At first, data quality was assessed by Seqkit35. Quality scores, Q20(%) and Q30(%), were between 93 and 95%, which indicates a low probability of incorrect base identification in our data sets. Trimmomatic36 was used to remove contaminating adapter sequences. Seqkit was applied for quality filtering at Q25. 82–83% of total sequences passed the evaluation and were further used. Reads from the sample containing the tagged sequences from LibQ were processed to separate the reads corresponding to the library before and after selection. The statistics of sequence files were monitored after each processing step to ensure sufficient data are retained for the next step. Finally, all bases upstream of the peptide sequence were removed from the reads and the remaining DNA sequence was converted into the amino acid sequence and analyzed by Biopython37. For Lib4, the final filtering of peptide sequences before and after the selection was applied to exclude sequences that do not contain Gln at the second position or have a stop codon somewhere in the peptide backbone, since those sequences are not planned according to the library design but could be present as a result of chemical synthesis of the DNA library and subsequent carryover. The rank list of top 100 enriched peptides further includes filtering of the sequences that show less than 100 counts after the selection, as these were not considered significant. The ranking was made based on the value of the enrichment factor (EF) (from highest to lowest). The sequencing counts obtained from the NGS were normalized to the total counts in each sample, and amino acid or peptide EF was expressed as the quotient of normalized counts before and after selection.

Statistical data analysis

A Random Forest regression model was trained to predict the enrichment based on the one-hot encoded peptide sequences using the RandomForestRegressor module from scikit-learn v.0.24.238. Model parameters were hypertuned by minimizing the mean squared error of enrichment predictions using Hyperopt v.0.2.539. Hypertuning was performed for 1000 iterations, each using tenfold cross-validation and 200 estimators.
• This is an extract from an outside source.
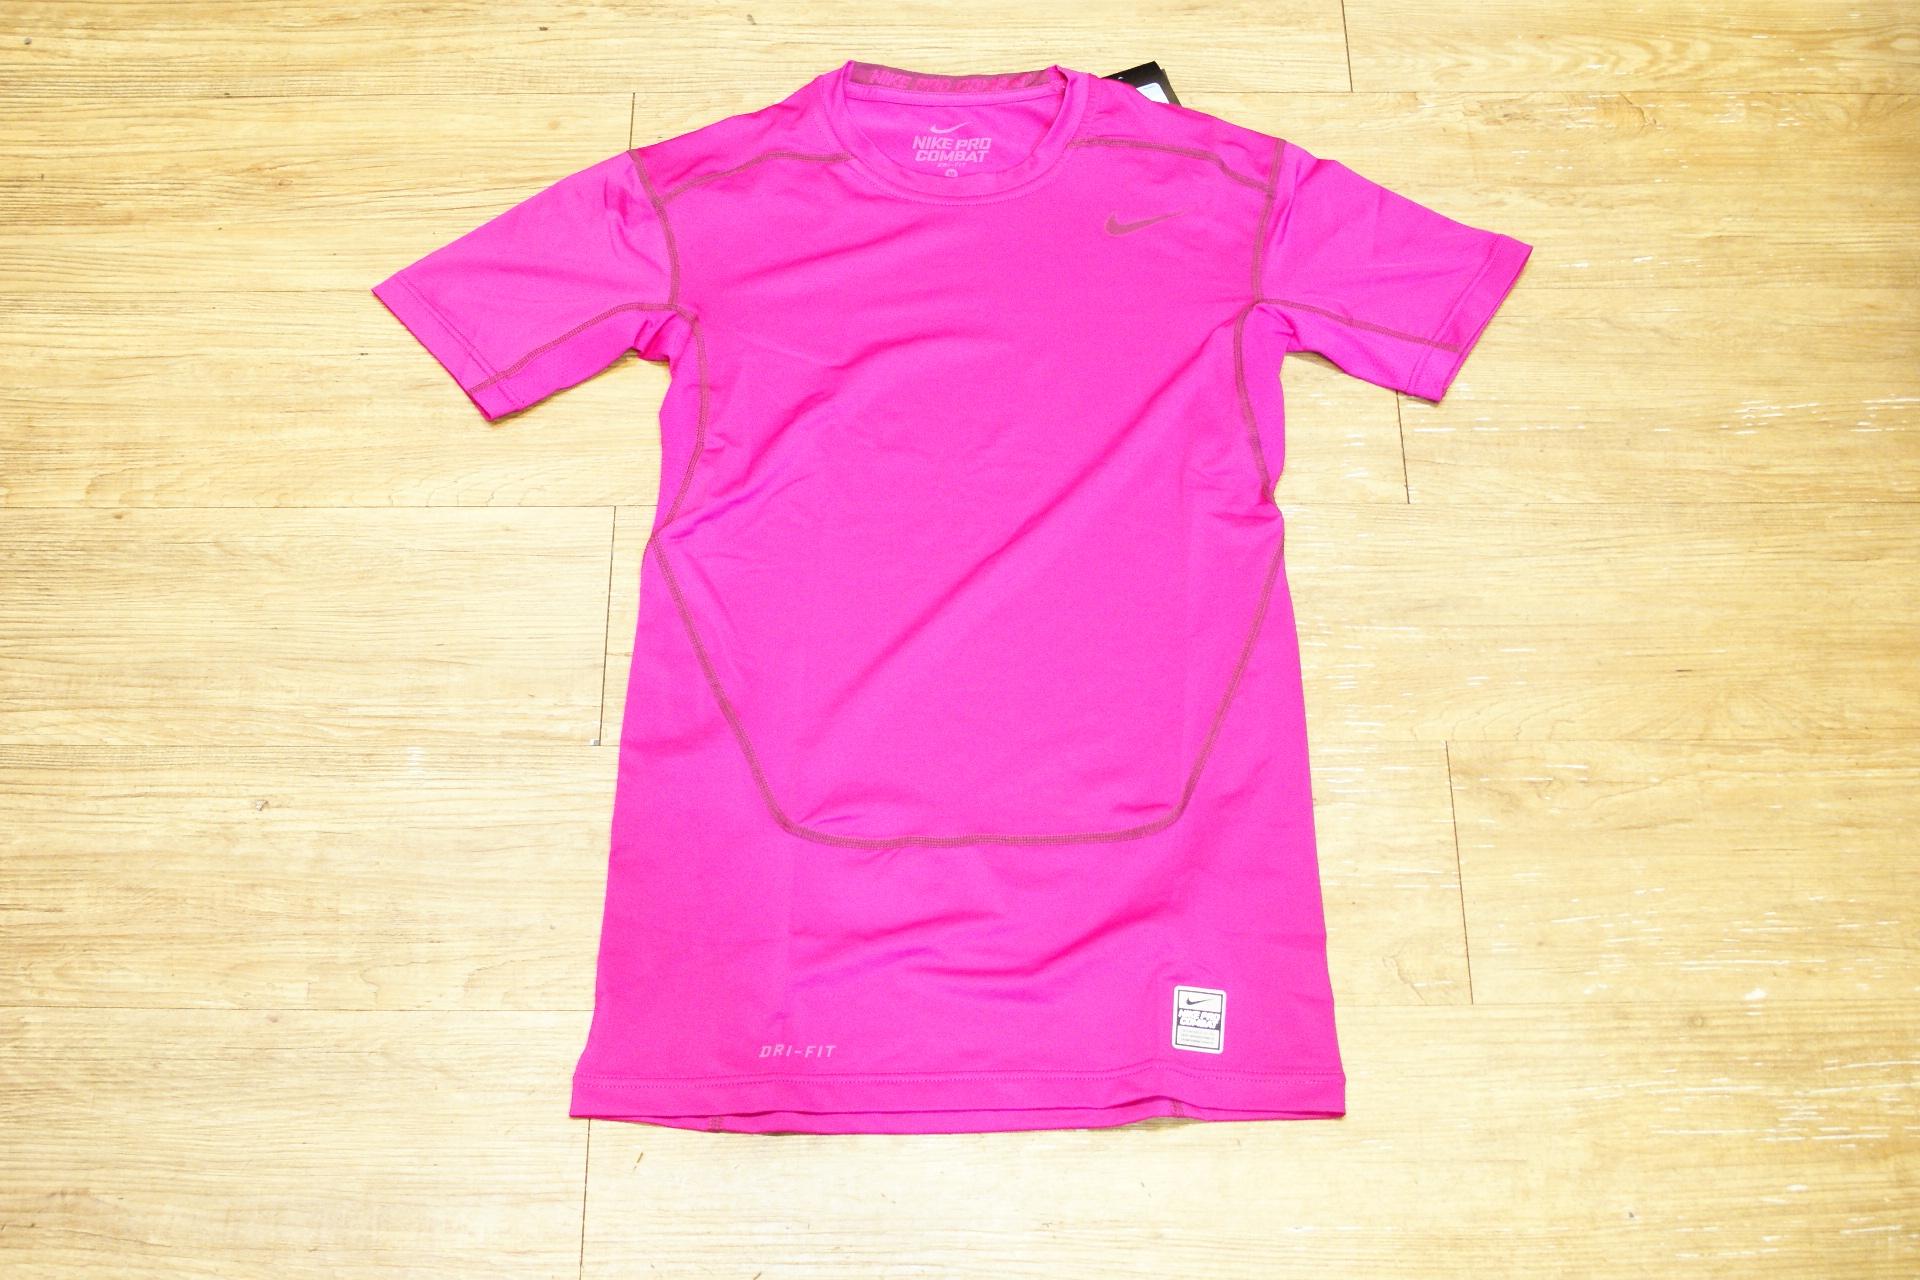 棒球世界 15年nike短袖緊身衣 粉紅色款 特價

The best performing model was re-trained using tenfold cross-validation and 1000 estimators, and for each cross-validation, the permutation feature importance was calculated ten times using the permutation_importance function from scikit-learn. The Pearson correlation coefficient for each feature was used to infer whether amino acids of high importance were associated with an increase or decrease of enrichment.

TG2 enzymatic assay

The assay was done as described before40. 96-well immunoplate (Sumilon, Japan) was coated with 1 mg/mL β-casein in TBS for 30 min at 37 °C. After removal of the residual casein, the wells were blocked with wash buffer (TBS, 0.1% Tween 20) for 30 min at 37 °C, followed by washing with TBS buffer. 2 × peptide solution (40 mM TRIS–HCl pH 8.0, 280 mM NaCl, 30 mM CaCl2, 15 mM DTT, and varying concentrations of the biotinylated peptides in the range from 0 to 10 μM) was added at 50 μL/well, followed by 2 × TG2 solution (50 ng/mL of TG2 in TBS with 1 mM DTT and 1% BSA) at 50 μL/well. The reactions were incubated for 30 min at 37 °C. The quenching was done with 50 mM EDTA in TBS, and this was followed by washing with the wash buffer. The streptavidin-peroxidase solution in PBS containing 0.1% BSA and 0.1% Tween 20 was added at 100 μL/well. The reactions were incubated for 60 min at 37 °C. The wells were washed with wash buffer and TBS. TMB was added at 100 μL/well, followed by 1 N H2SO4 at 100 μL/well after the blue color appeared. Absorbance was measured at 450 nm after the development of the yellow color (30–60 s after the addition of H2SO4).